As far inflation is concerned, UK inflation is expected to reaccelerate from 2.6% in March to 3.3% in April and from 3.4% to 3.6% for headline and core index respectively… which may explain the hawkish 25bps rate cut from the BoE last week. At the opposite, Canadian headline inflation is foreseen to cross down the 2% threshold in April (falling to 1.6% from 2.3%), while the core-median and the core-trim indices may remain unchanged at 2.9% and 2.8% respectively. Note that the BoC has already slashed its target rate from 5% to 2.75% over the last 12 months on the back of weak growth, deteriorating labor market and less inflationary pressures than its northern neighbor. Finally, annual inflation rate is expected to have remained broadly stable last month in Japan (headline ticking down to 3.5% from 3.6% and core-core index ticking up from 2.9% to 3.0%). Keep in mind that Japan is the only G10 economy where annual inflation rate is higher now than one year ago… which may be explained by a central bank which have decided to remain well behind the curve (hiking slowly/patiently to bring rates higher)

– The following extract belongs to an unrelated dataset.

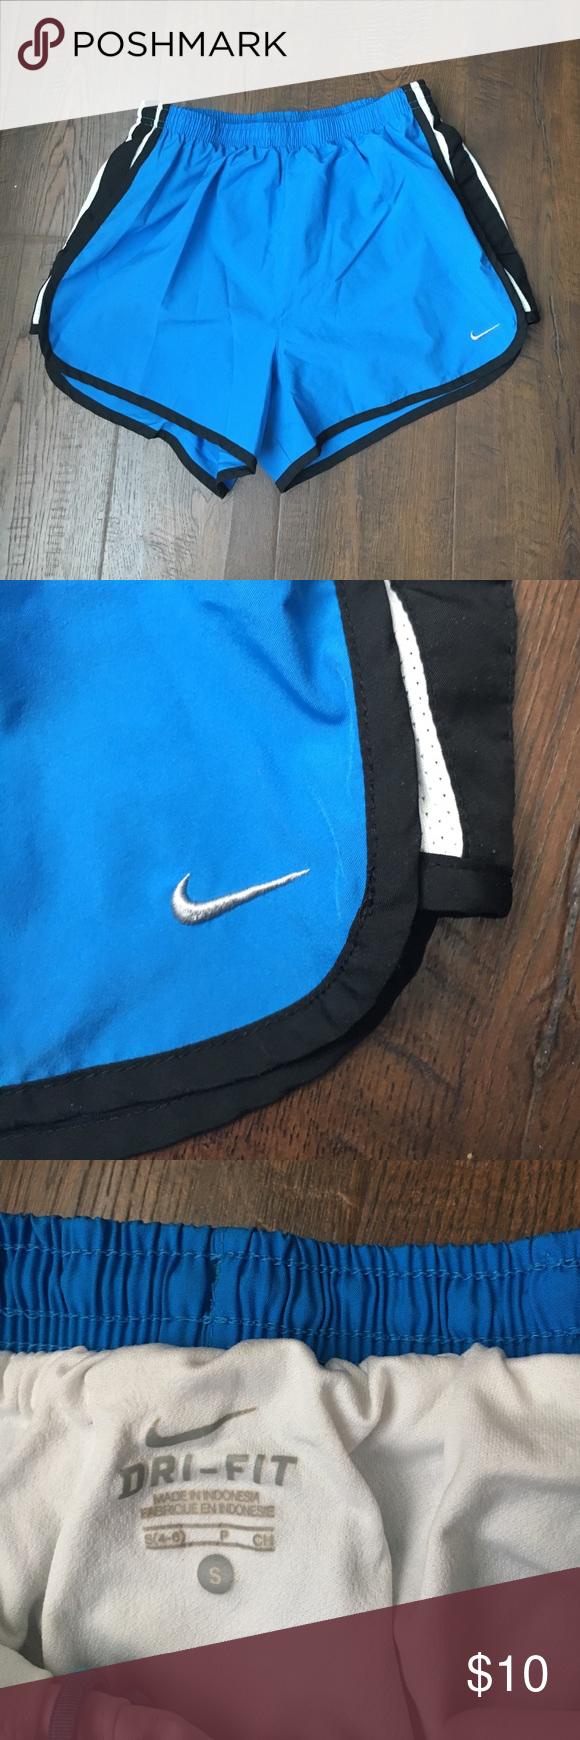 Nike Dri-Fit running shorts Dri-fit running shorts. Great condition. Nike Shorts

Speaking about central banks, there will be a policy rates decision from the RBA tomorrow. A 25bps cut to 3.85% is widely expected but the tone may remain quite hawkish given the recent data (resilient activity and quite sticky inflation).
Concluding with corporate earnings releases, the focus will be on US retailers (Home Depot, TJX and Target), while we will get also the results of Vodafone and Marks & Spencer in Europe, as well as Baidu in China.